Yeşilçam’ın son ustaları anılıyor
Türkiye Cumhuriyeti’nin ilk yıllarında sanatın her alanında önemli atılımlar gerçekleştirilirken, sinemaya gereken önem verilmediği söylenir. Kuşkusuz Mustafa Kemal sinemanın gücünün farkındaydı, ama sinema diğer sanat dallarına oranla çok daha büyük harcamalar gerektiren bir sanat dalıydı ve ülkede sinema endüstrisi adına hemen hiçbir şey yoktu. Dârülbedâyi’nin (Şehir Tiyatroları) Genel Sanat Yönetmeni Muhsin Ertuğrul’dan tiyatronun oyuncuları ile filmler çekmesi istendi. O da kolları sıvadı. Sovyetler Birliği ve Almanya’da yaptığı gözlemlerden yola çıkarak filmler yaptı.

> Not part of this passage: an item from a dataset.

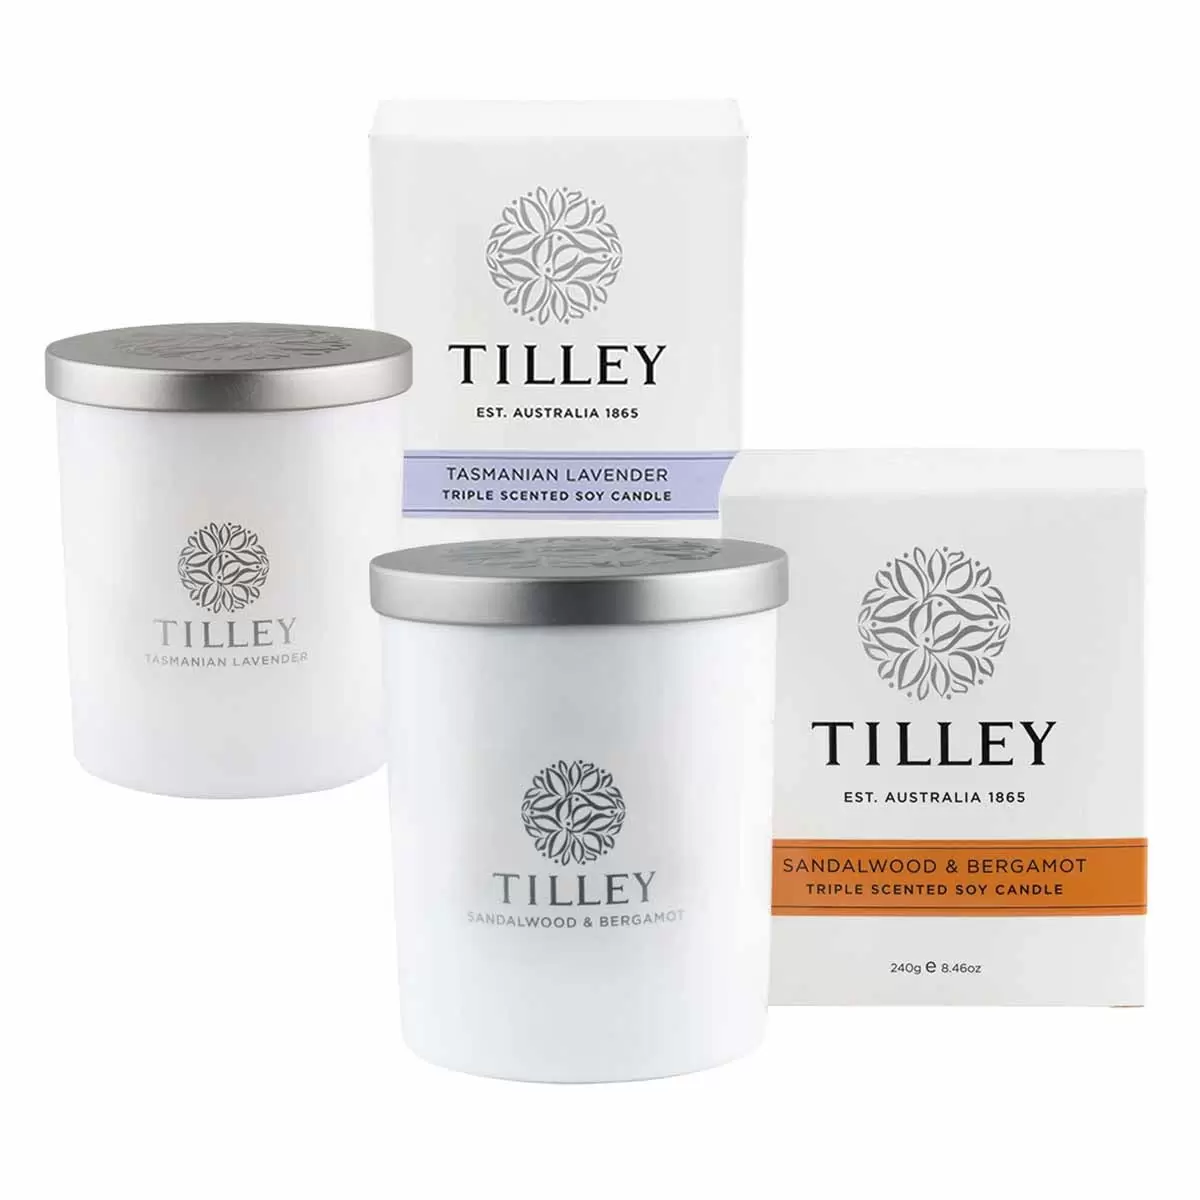 Tilley 微醺大豆香氛蠟燭2入組 塔斯馬尼亞薰衣草 + 檀香與佛手柑

Sinemamızın kuruluş yıllarının en önemli filmlerinden biridir ‘Aysel Bataklı Damın Kızı.’ Sinematek/Sinema Evi’nin girişimi, Kurukahveci Mehmet Efendi’nin desteği ile restorasyonu yapılan film, İstanbul’dan sonra 5. Uluslararası Film ve Müzik Festivali kapsamında İzmirli sinemaseverlerle buluşacak. Filmin müzikleri büyük bestecimiz Cemal Reşit Rey’in imzasını taşıyor. Sanırım, o dönemin seyircisinin bu müziği kaldıramayacağını düşünülmüş olmalı ki, Rey’in müziği yerine türküler konularak gösterilmiş film. Neyse ki, restore edilen kopyada bestecinin özgün müziklerini dinleme şansına kavuşacağız. İlk renkli filmimiz ‘Halıcı Kız’ da Ertuğrul’un imzasını taşır. Belki ona da el atacak bir hayırsever bulunur. Sinema mirasımızı korumakta dünyanın çok gerisindeyiz. Ülkemizin tek film arşivi olan Mimar Sinan Üniversitesi arşivi şu an depolarda yeni bir bina yapılmasını bekliyor.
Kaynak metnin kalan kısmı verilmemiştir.